§ Instructions to follow
In the entries below, find the line with "SENOBAS+(セノバス+)セノバス+を使ったshiroさんのクチコミ画像" and the line with "Lamborghini funeral flower tribute floral"; reproduce those two lines and all lines between them exactly, without pictures.

§ Data shown

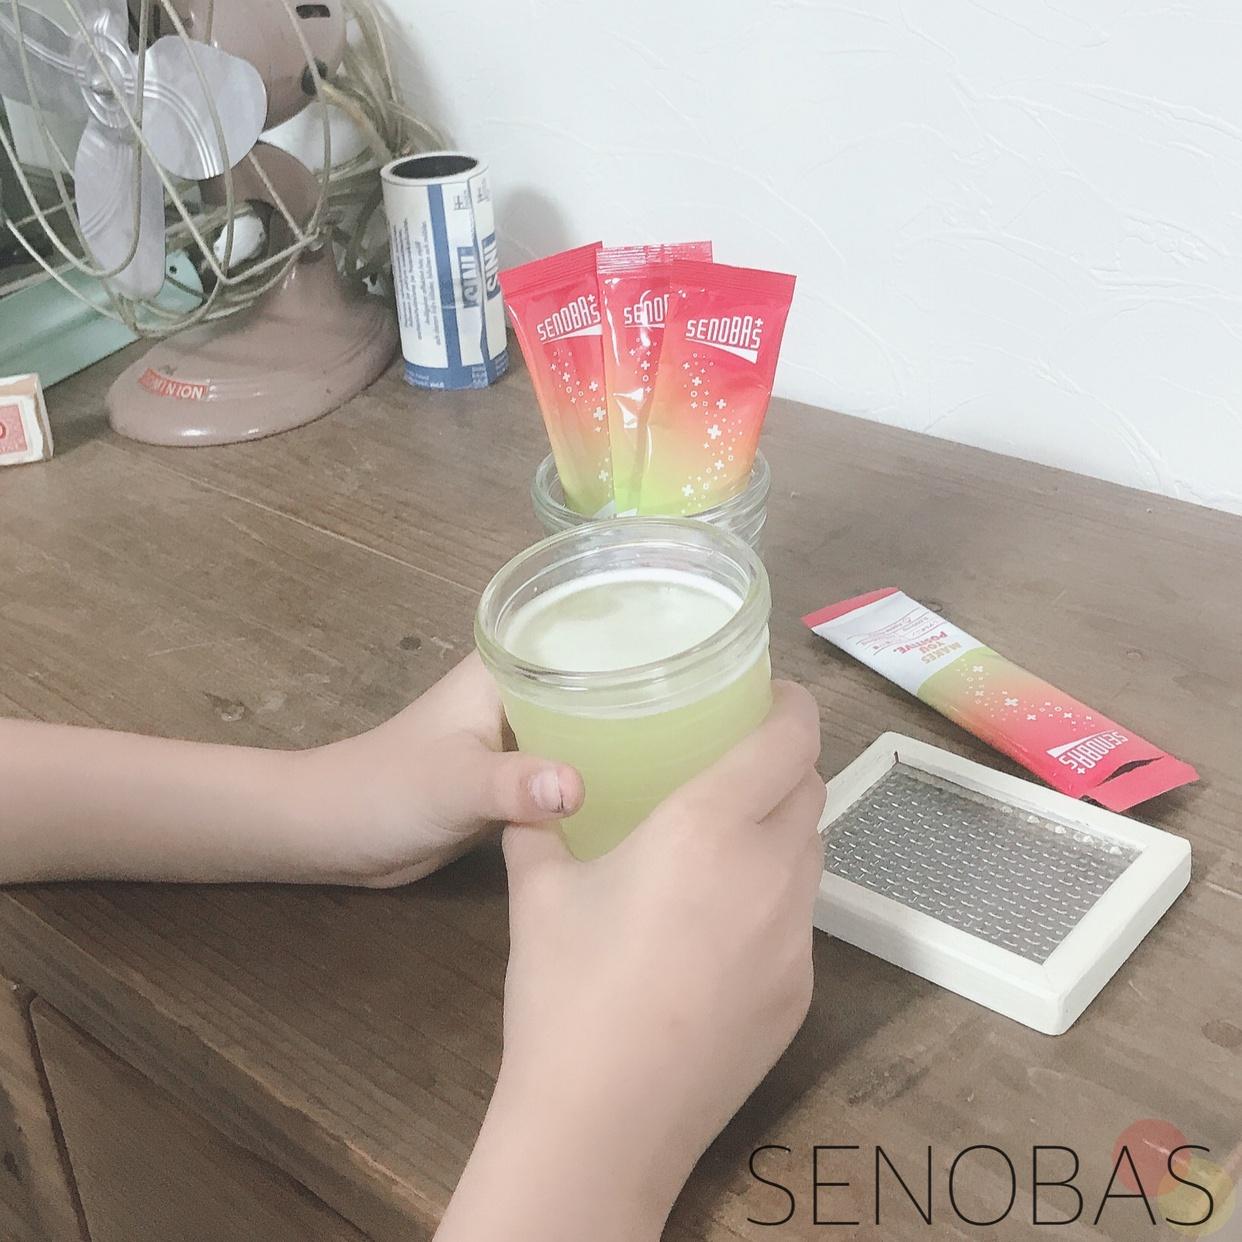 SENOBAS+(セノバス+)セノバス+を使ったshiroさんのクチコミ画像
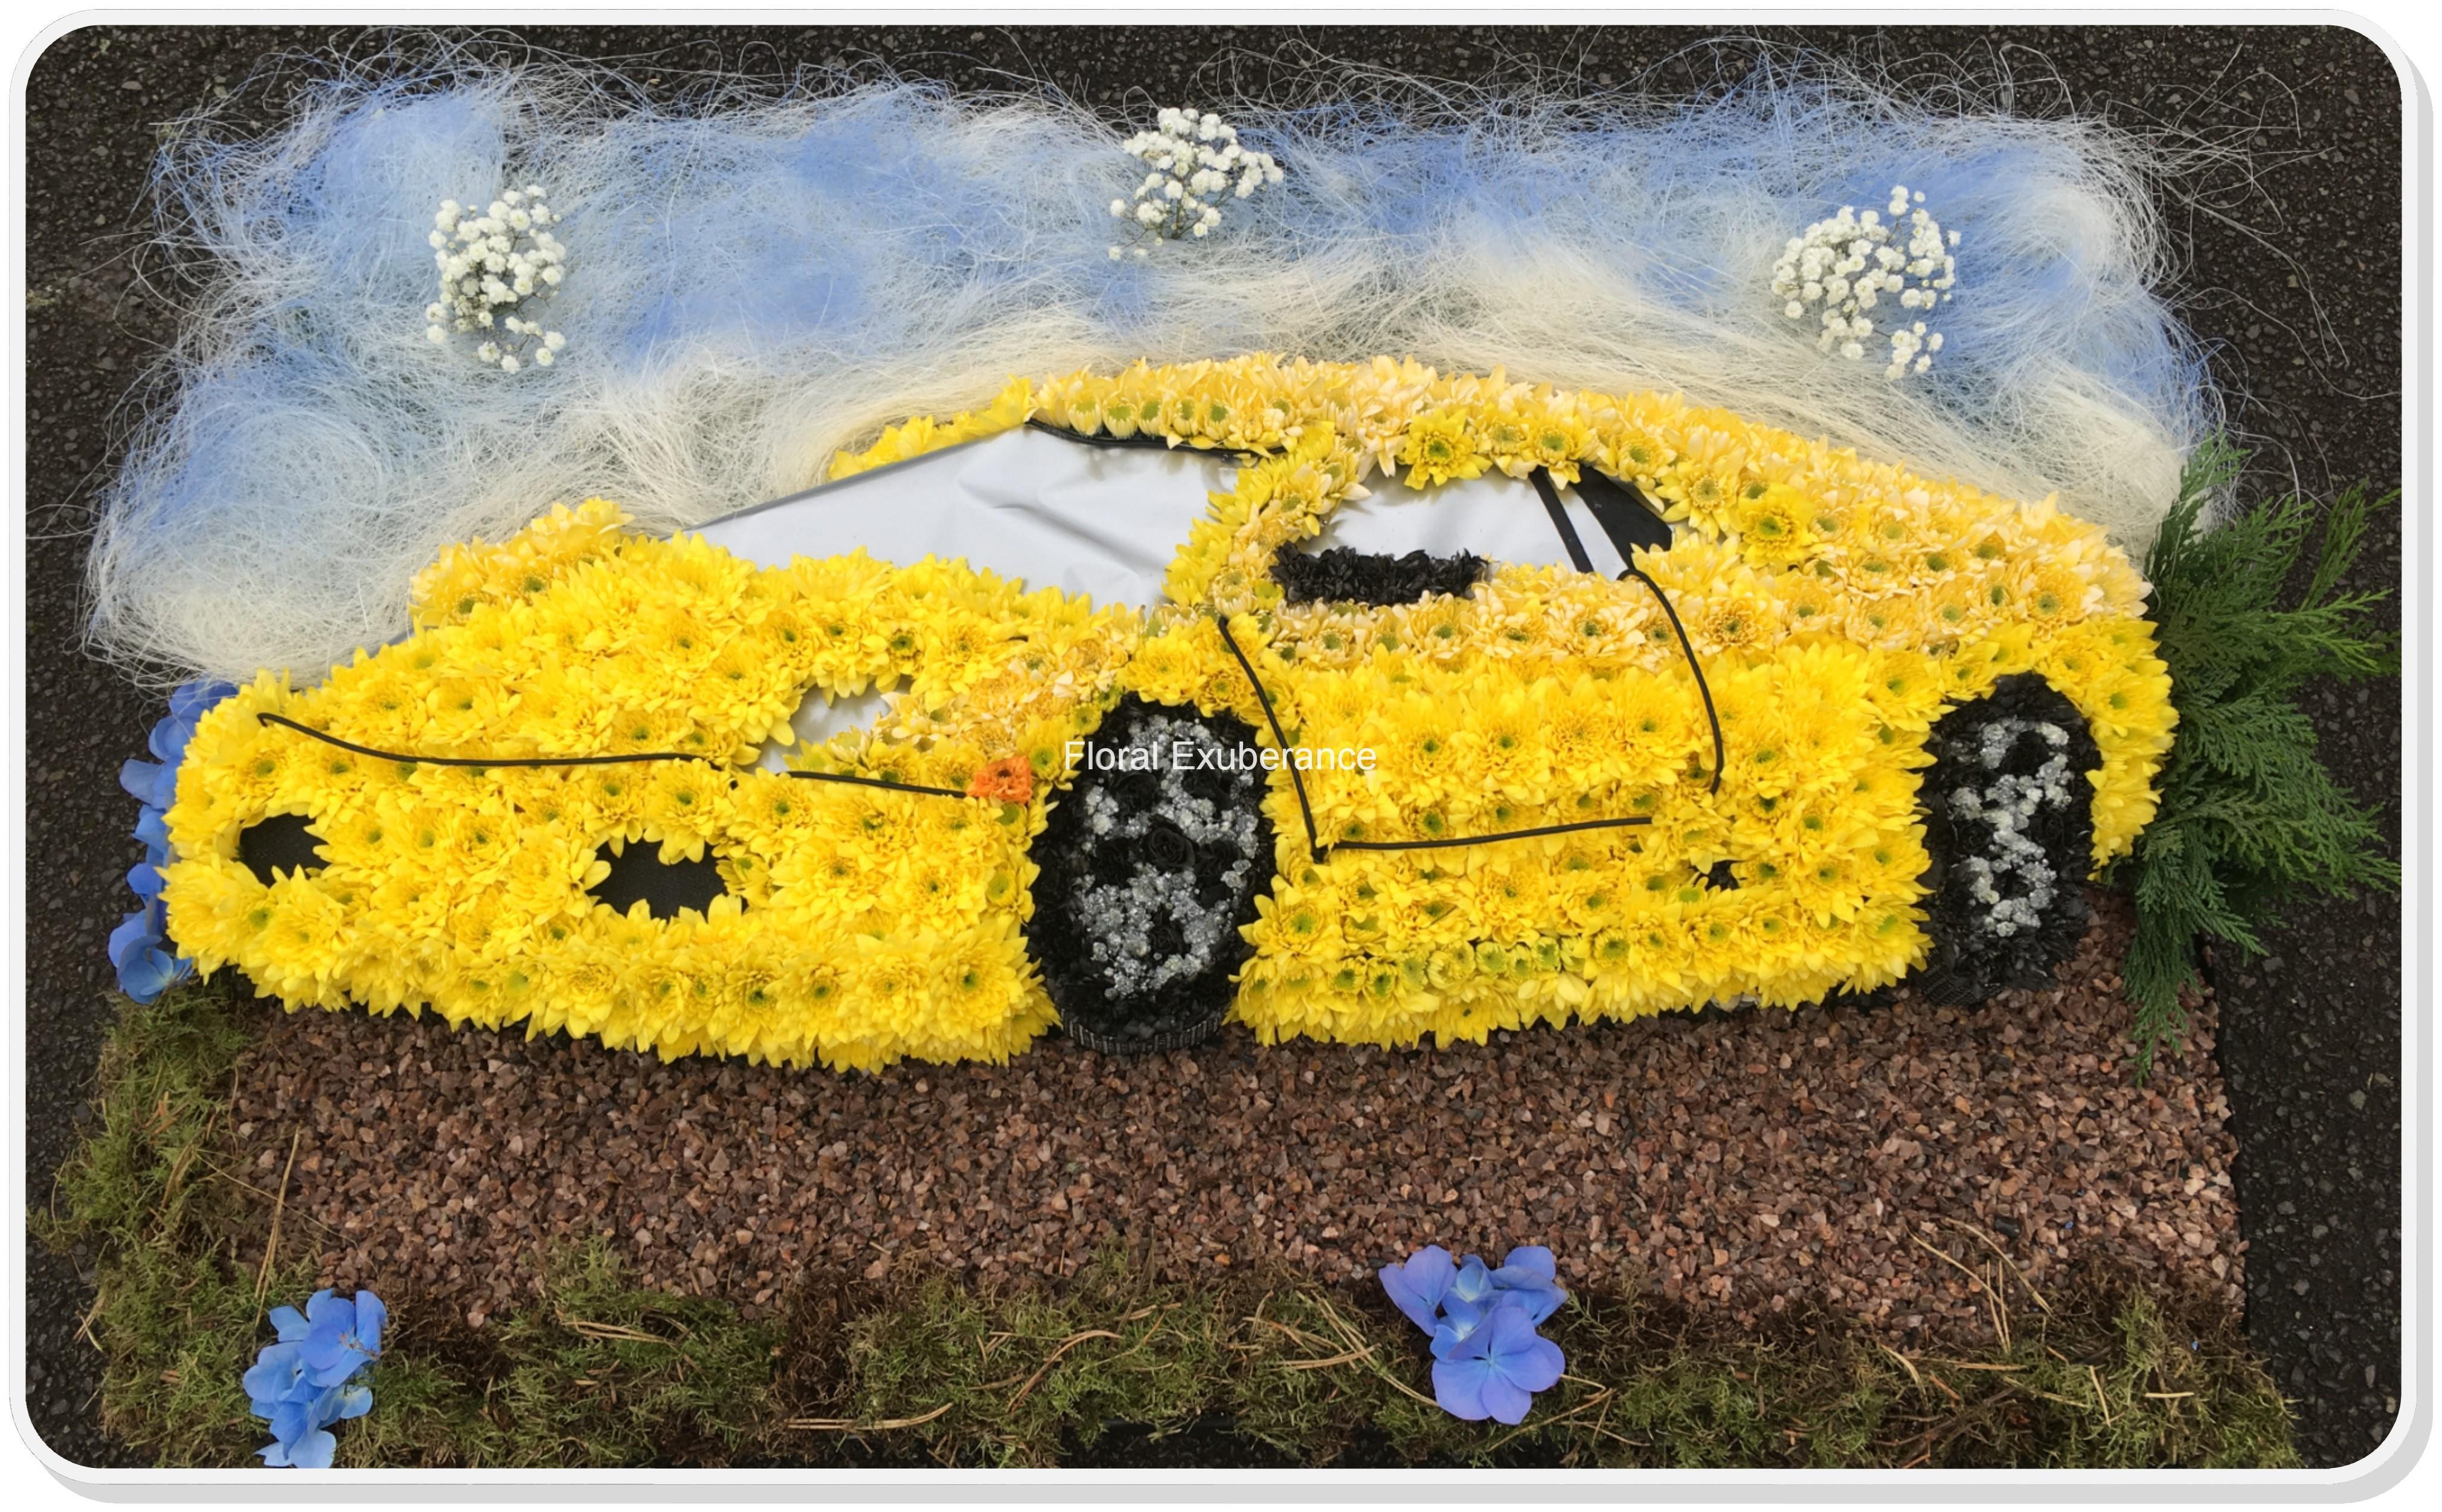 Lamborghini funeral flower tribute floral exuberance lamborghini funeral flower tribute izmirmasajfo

--

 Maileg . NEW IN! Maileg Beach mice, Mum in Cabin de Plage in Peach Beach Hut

...

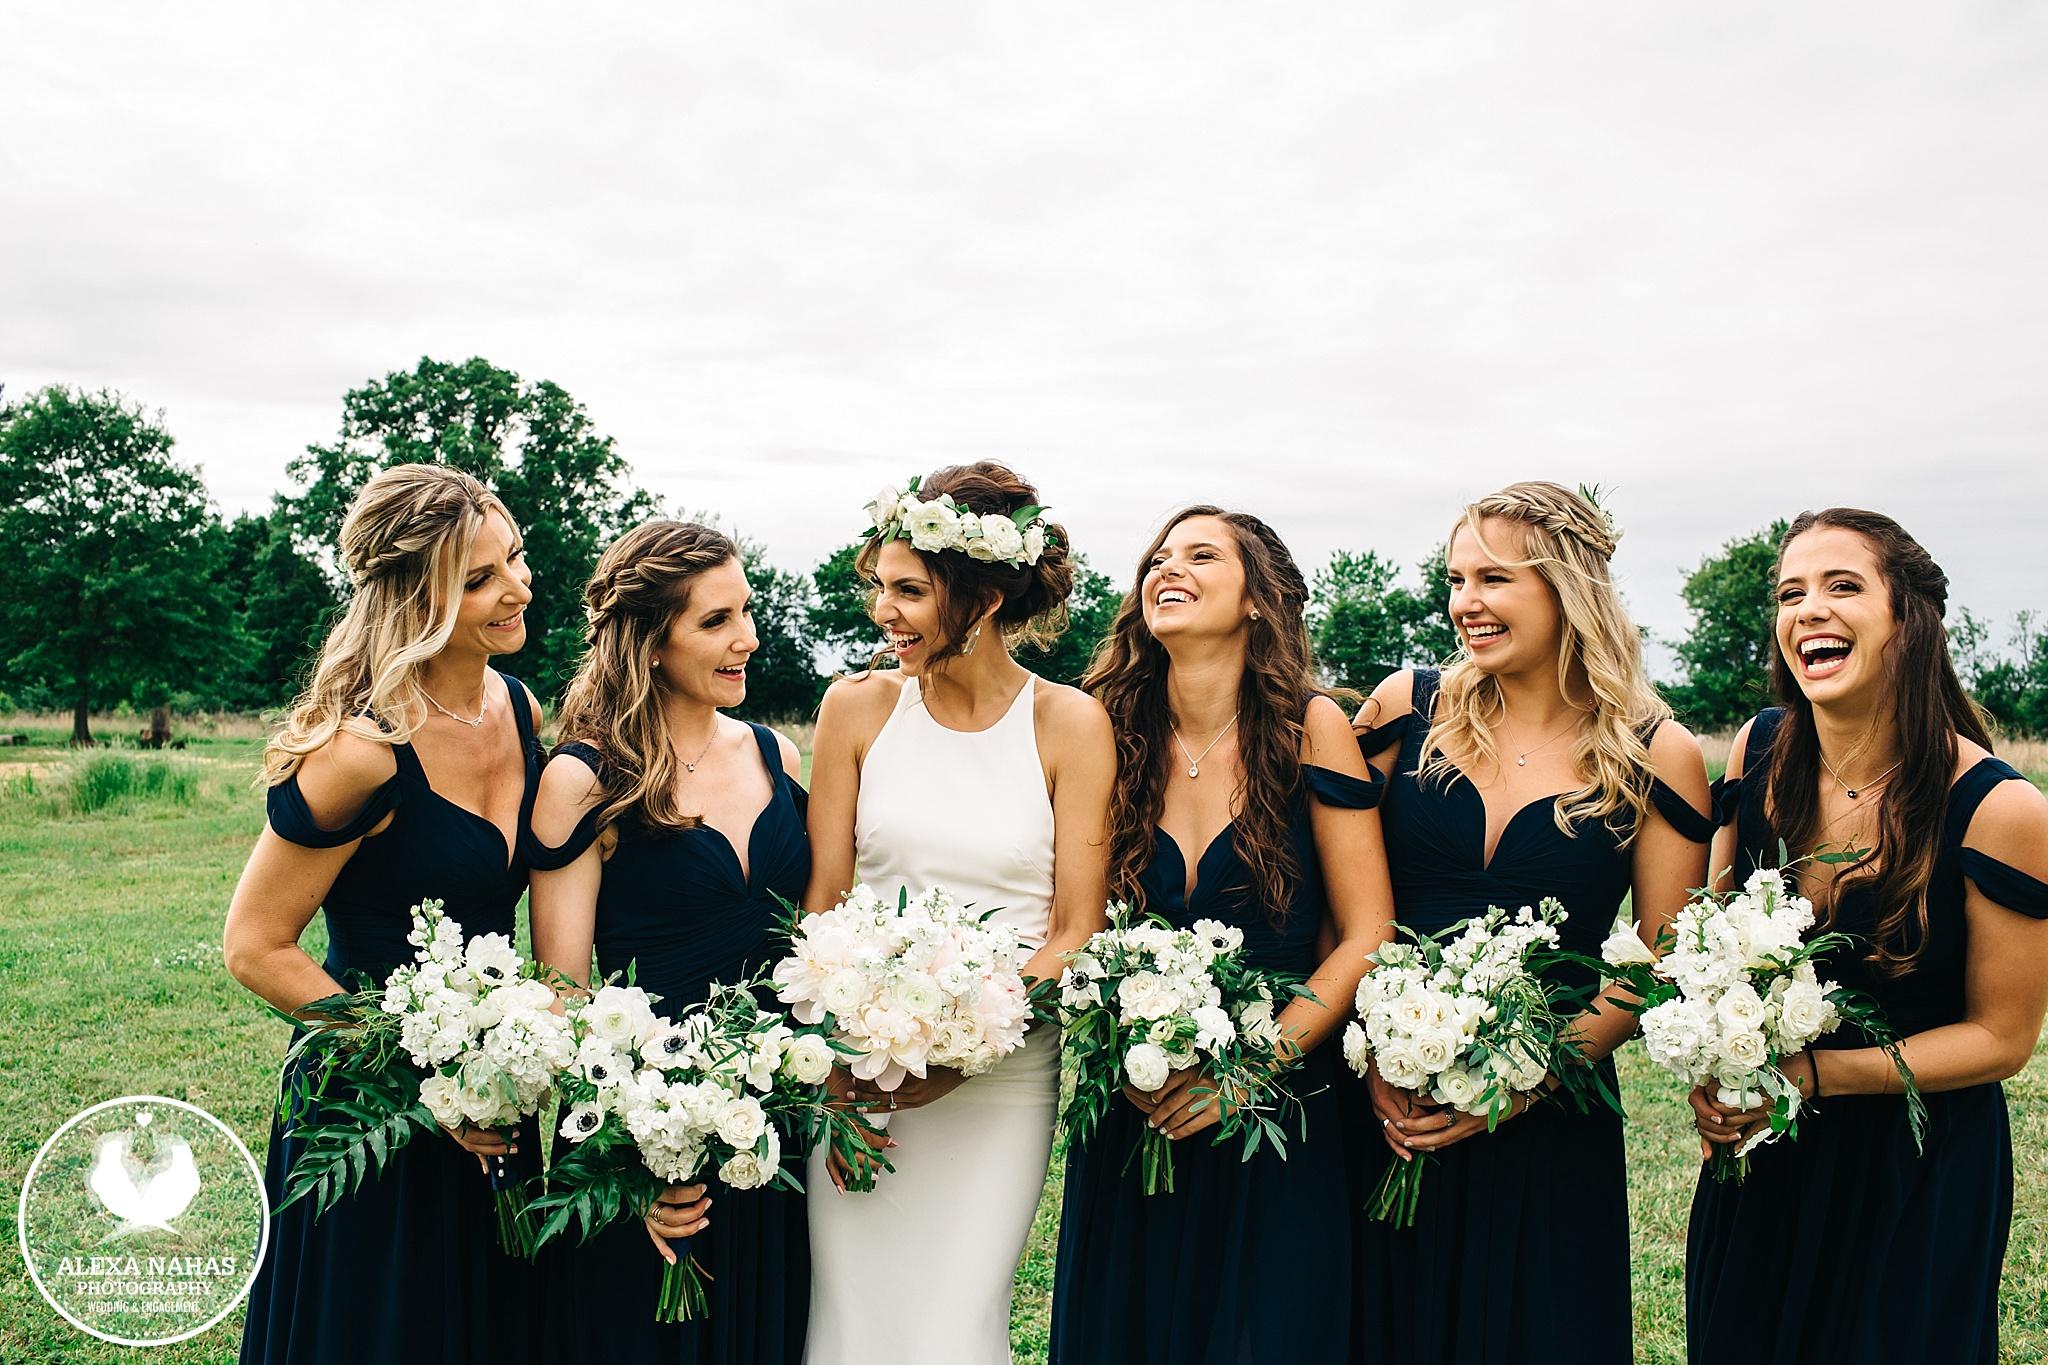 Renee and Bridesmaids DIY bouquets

§ Result for this task
 SENOBAS+(セノバス+)セノバス+を使ったshiroさんのクチコミ画像
 Lamborghini funeral flower tribute floral exuberance lamborghini funeral flower tribute izmirmasajfo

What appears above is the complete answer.